Getting Started
This guide will help you set up Autoheal and run your first AI-powered incident investigation.
Prerequisites
Before you begin, ensure you have:
- An Autoheal account (contact support@autoheal.ai for access)
- Admin role in your organization
- Credentials for at least one observability tool (Datadog, Grafana, etc.)
Step 1: Log In to Autoheal
Navigate to your Autoheal instance URL (e.g., https://<tenant>.autoheal.ai) and click Log In.
Sign in using your Email / Password or your organization's SSO provider.
Step 2: Connect Your First Integration
Integrations allow the AI agent to query your observability tools. Let's connect your first one.

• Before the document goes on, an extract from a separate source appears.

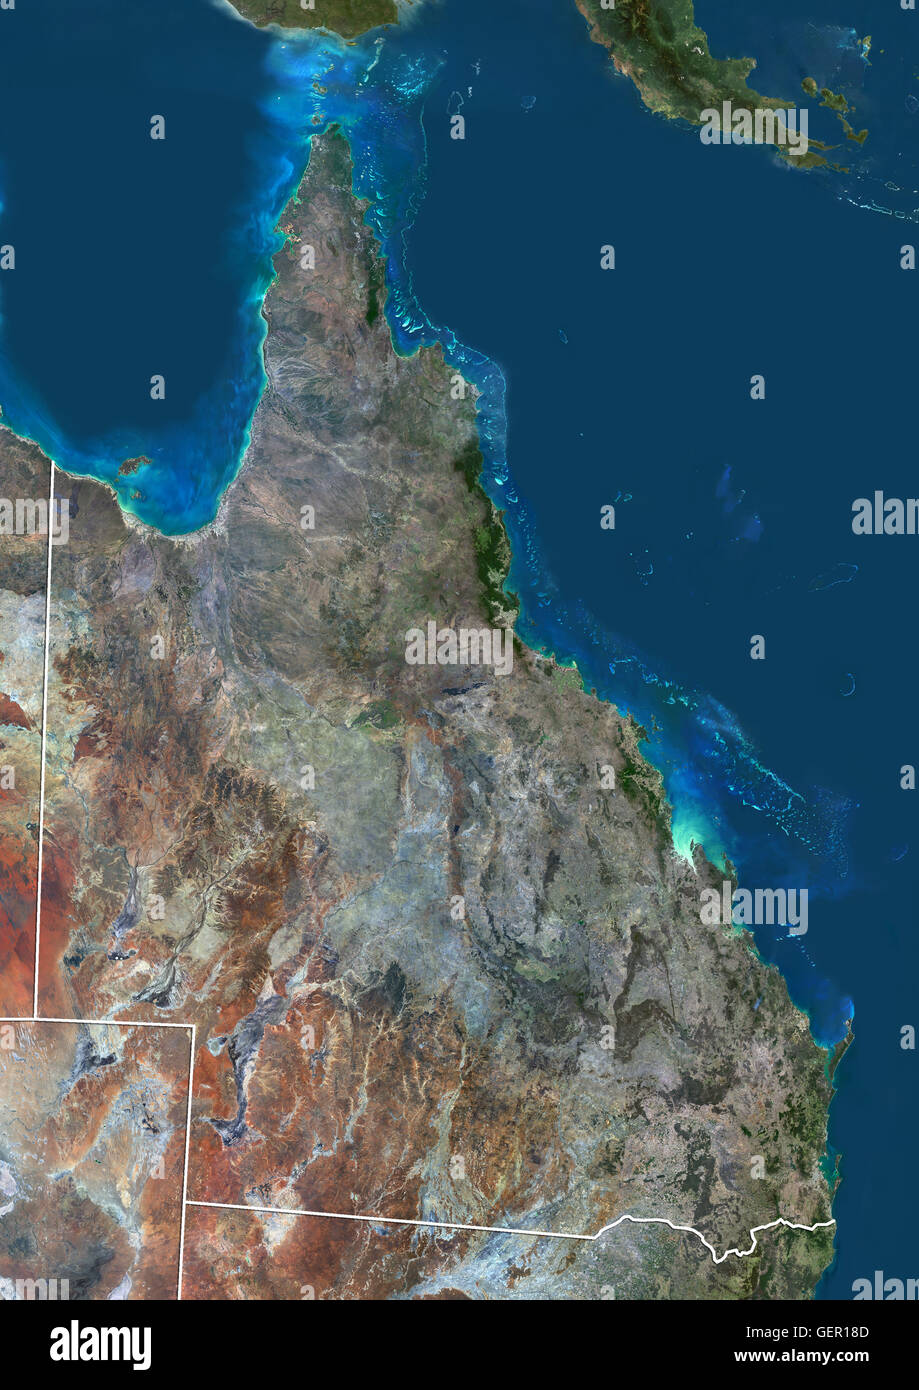 Satellite view of Queensland, Australia (with administrative boundaries). The Great Barrier Reef extends along most of Queensland's coastline. This image was compiled from data acquired by Landsat 8 satellite in 2014. Stock Photo
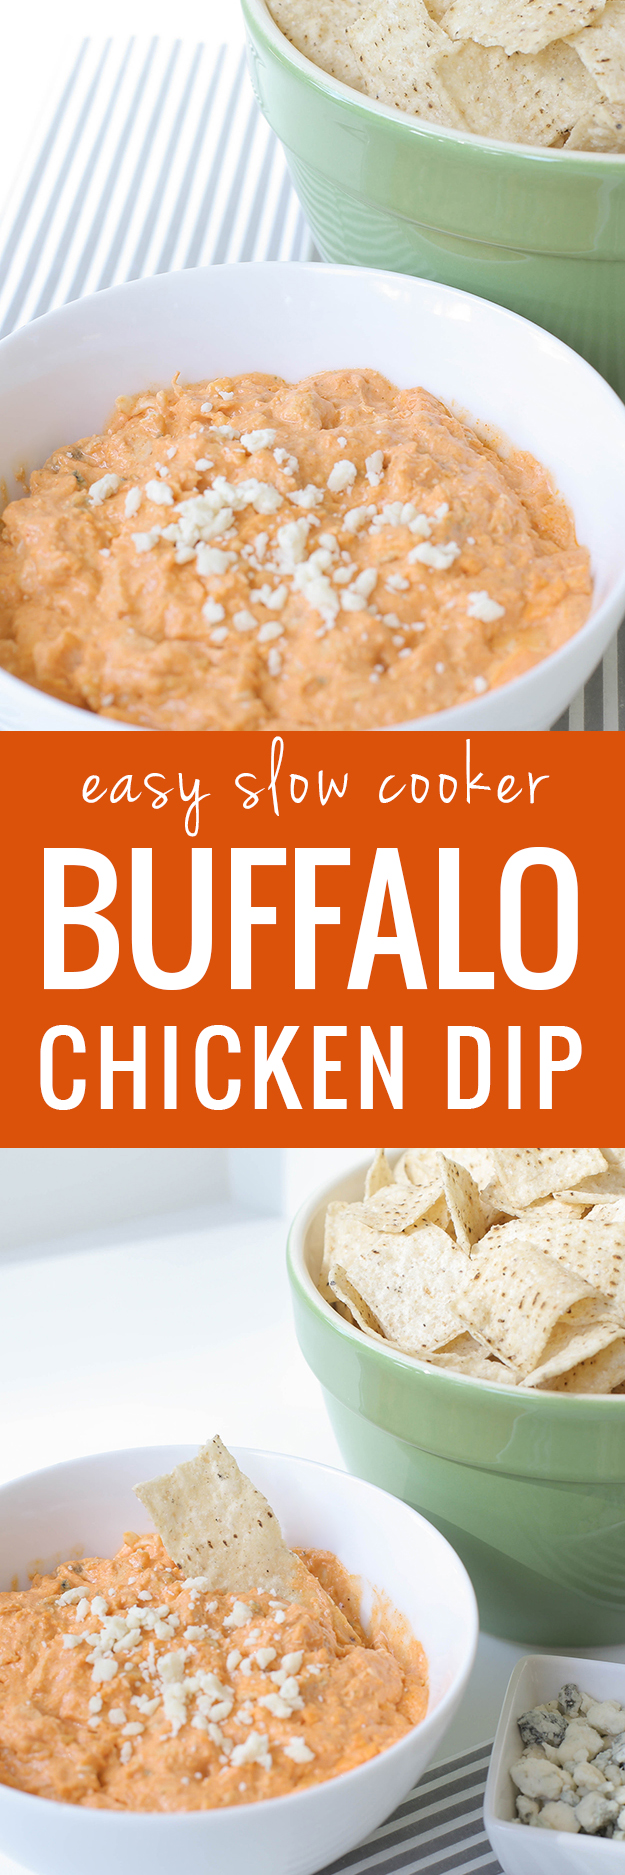 Easy Slow Cooker Buffalo Chicken Dip Recipe and Appetizer

From the sidebar, click Integrations.
Select the integration you want to connect. We recommend starting with your primary monitoring tool (e.g., Datadog, Grafana).
Provide the required API credentials. See Integrations for detailed instructions for each integration.
Start with an observability tool as your first integration - they provide the richest context for incident investigation.
Step 3: Set Up Your Knowledge Base
The Knowledge Base stores runbooks, procedures, and learnings that the AI agent can reference during investigations.
From the sidebar, click Knowledge.
Click New Document and select Runbook as the template.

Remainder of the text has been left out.